機器の熱は伝導と放射によって機器室に伝わり、機器が密集している部分に熱が集中します。風量は余分な熱を奪います。また、機械室内の潜熱は少なく、一般的に除湿は不要であり、エアコンの蒸発器を通過する際に空気が零度以下に下がる必要がないため、給気温度差とエンタルピー差は小さく、風量が大きいことが求められます。

中断のない運転、年間を通しての冷却

コンピュータルーム内の機器の放熱は、年間を通して安定した熱源であり、途切れることなく稼働しています。そのため、途切れることのない空調保証システムが必要であり、空調機器の電源にも高い要件があります。また、重要なコンピュータ機器を保護する空調システムには、バックアップ電源として発電機も設置する必要があります。長期間安定した熱源は、特に南部地域では冬でも冷房が必要になります。北部地域で冬でも冷房が必要な場合は、空調機の凝縮圧力などを考慮して空調機を選定する必要があります。さらに、屋外の冷気取り入れの割合を増やすことで、省エネを実現できます。

空気を送り返す方法はたくさんある

空調室の給気方式は、室内の熱源と熱分布特性によって異なります。機器室の機器の密集度、ケーブルやブリッジの数、配線方法などに応じて、エアコンの給気方式は下戻りと上戻りに分けられます。
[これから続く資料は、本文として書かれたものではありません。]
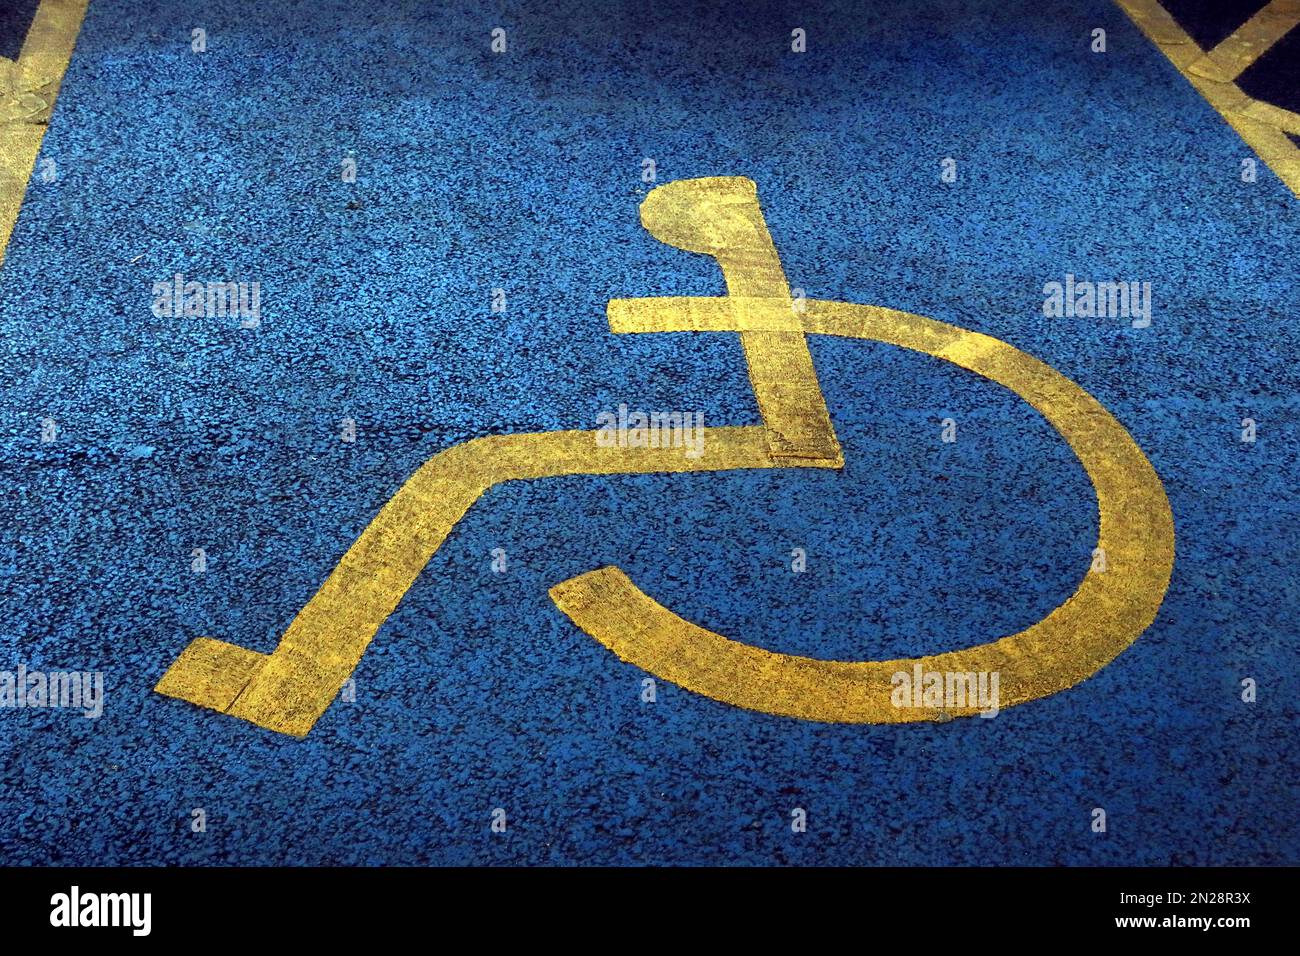 Strukturierte Oberfläche auf blau und gelb lackiertem, Behindertenparkplatz NCP Stockport Stockfoto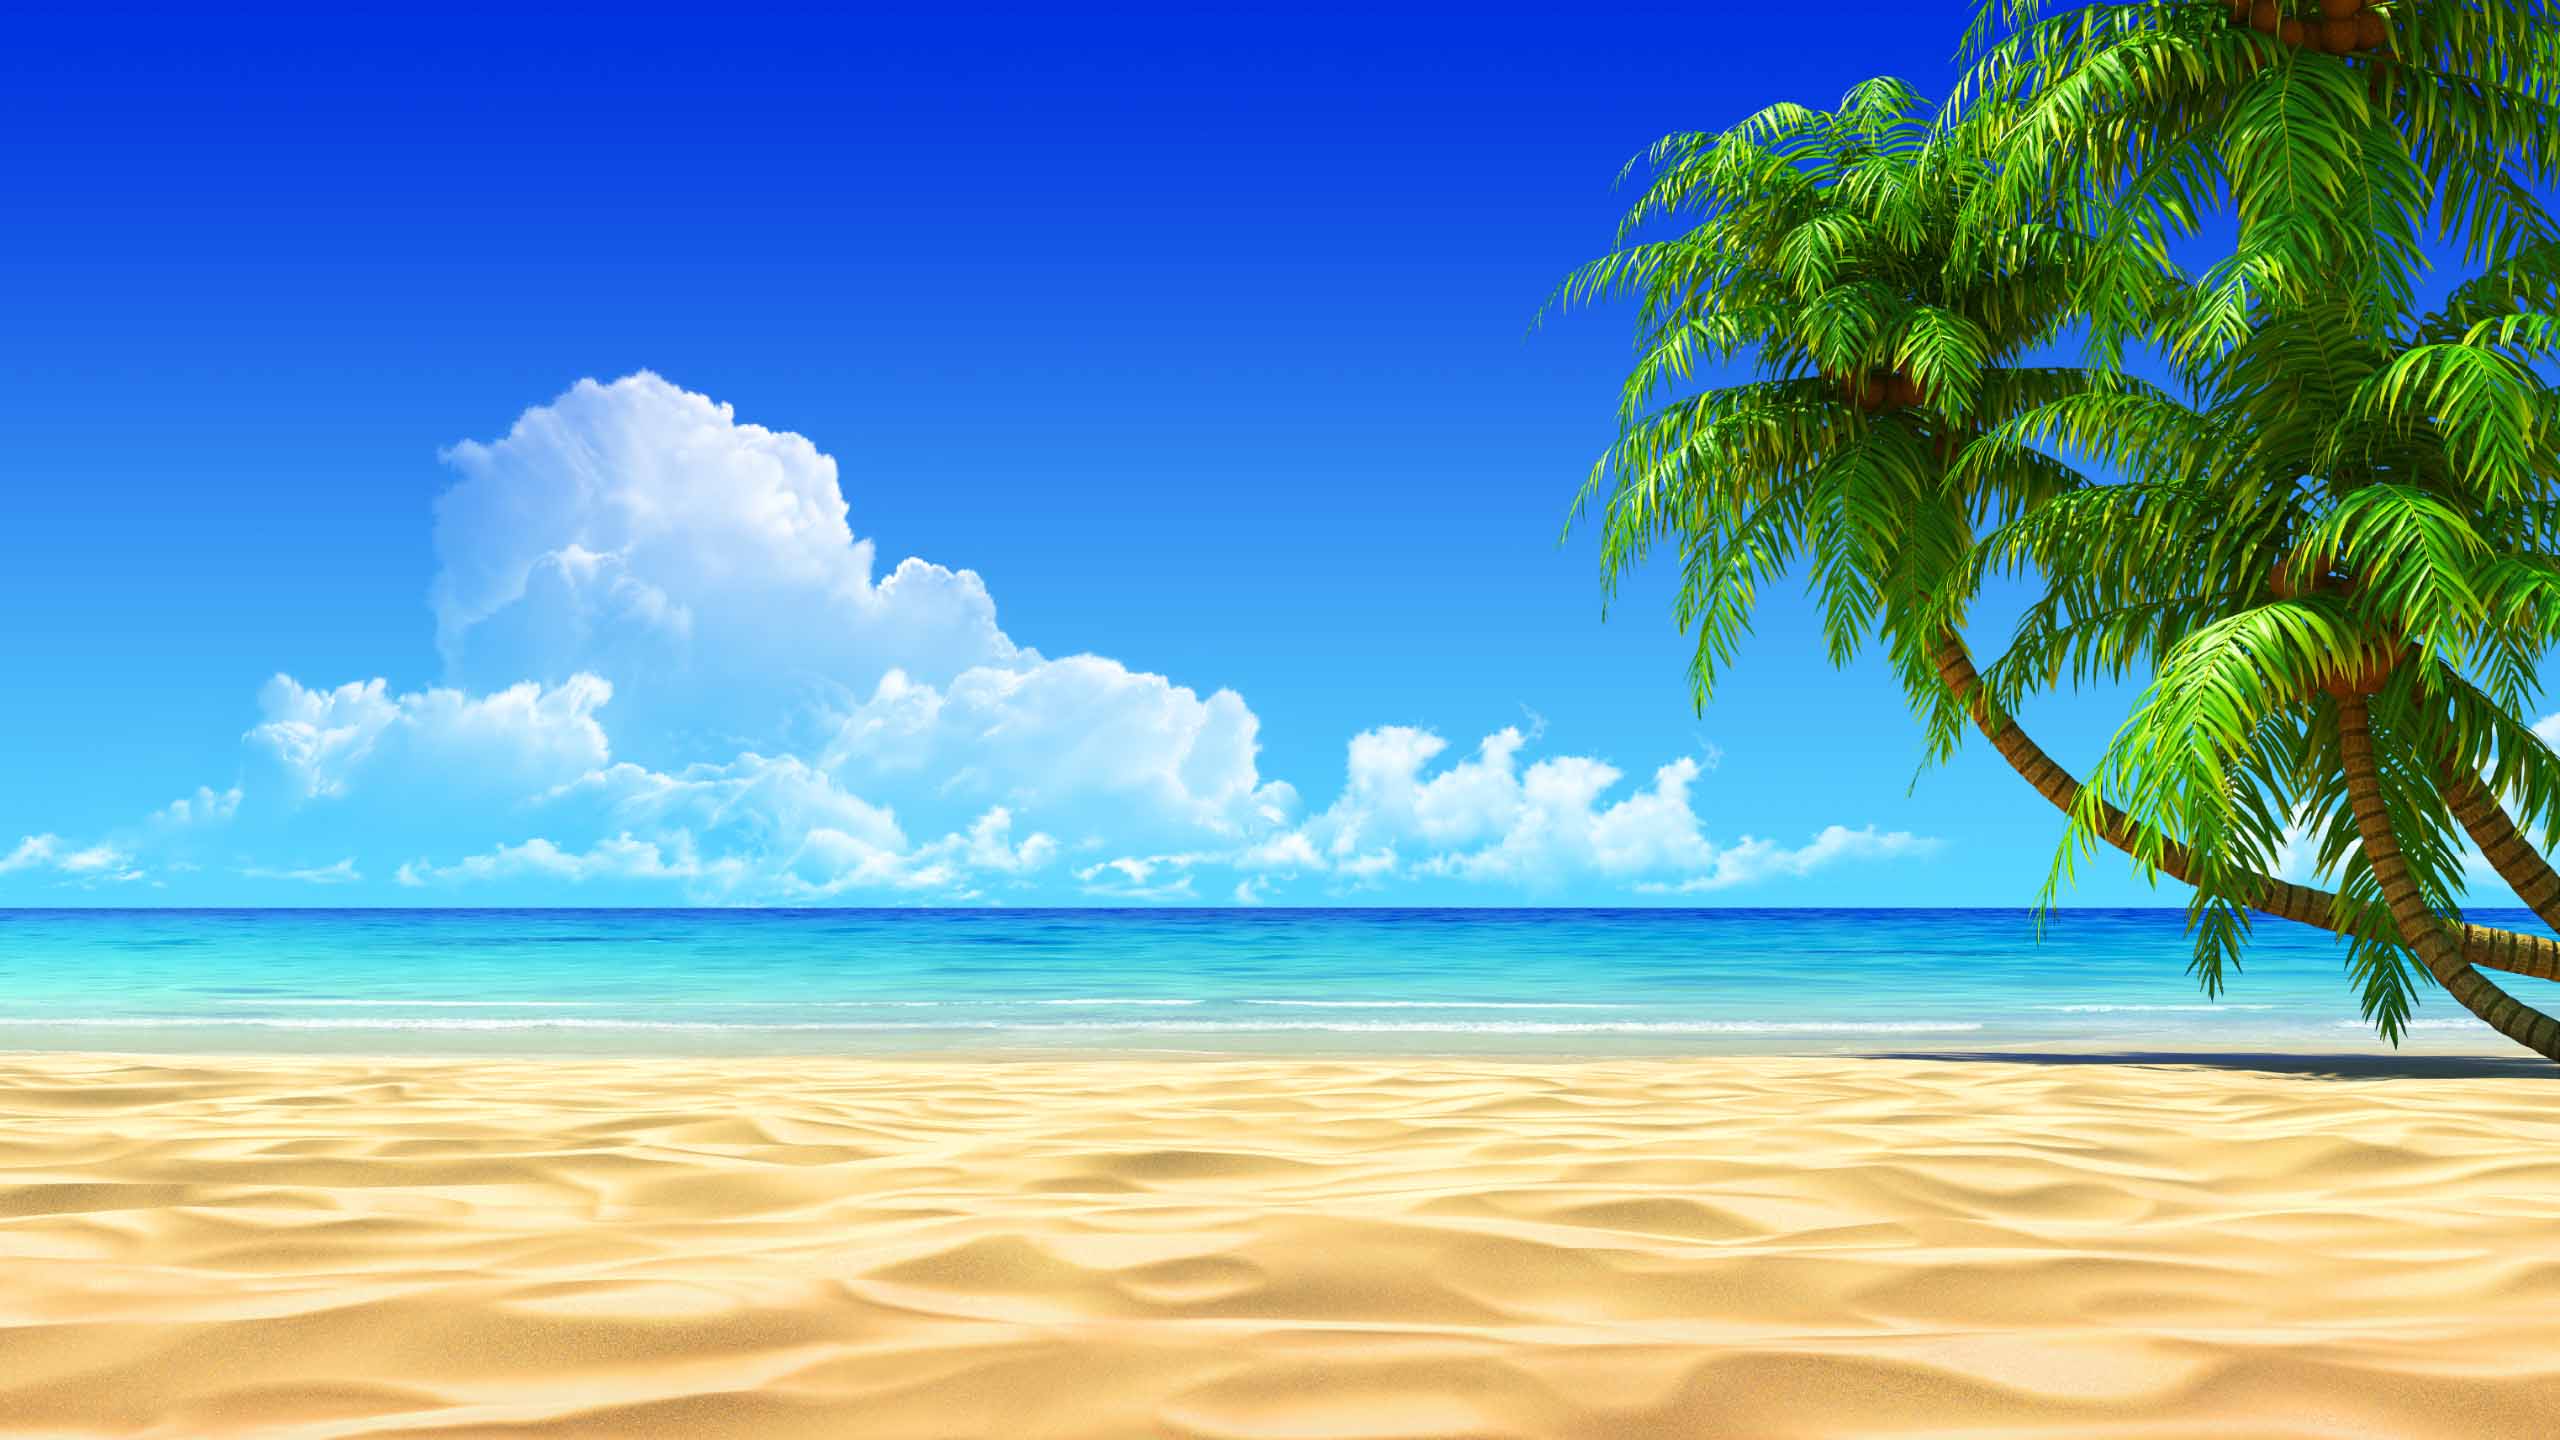 beach tropical photo wallpaper

上戻り、上戻り、横戻り、横戻りです。

静圧ボックスの空気供給

コンピュータ室の空調は通常、パイプを使用せず、上げ床下部または天井上部の空間を静圧ボックスの戻り空気として使用します。静圧は等しくなります。

高い清潔さの要件

電子計算機室には厳しい空気清浄度要件があります。空気中の粉塵や腐食性ガスは、電子部品の寿命に深刻なダメージを与え、接触不良やショートを引き起こします。さらに、機器室内の正圧を維持するために、機器室に新鮮な空気を供給する必要があります。「電子計算機室設計仕様」によると、主機関室内の空気中の粉塵濃度は静的条件下でテストされています。空気1リットルあたり0.5m以上の粉塵粒子の数は18,000個未満である必要があります。主機関室と他の部屋および廊下との圧力差は4.9Pa以上、屋外との静圧差は9.8Pa以上である必要があります。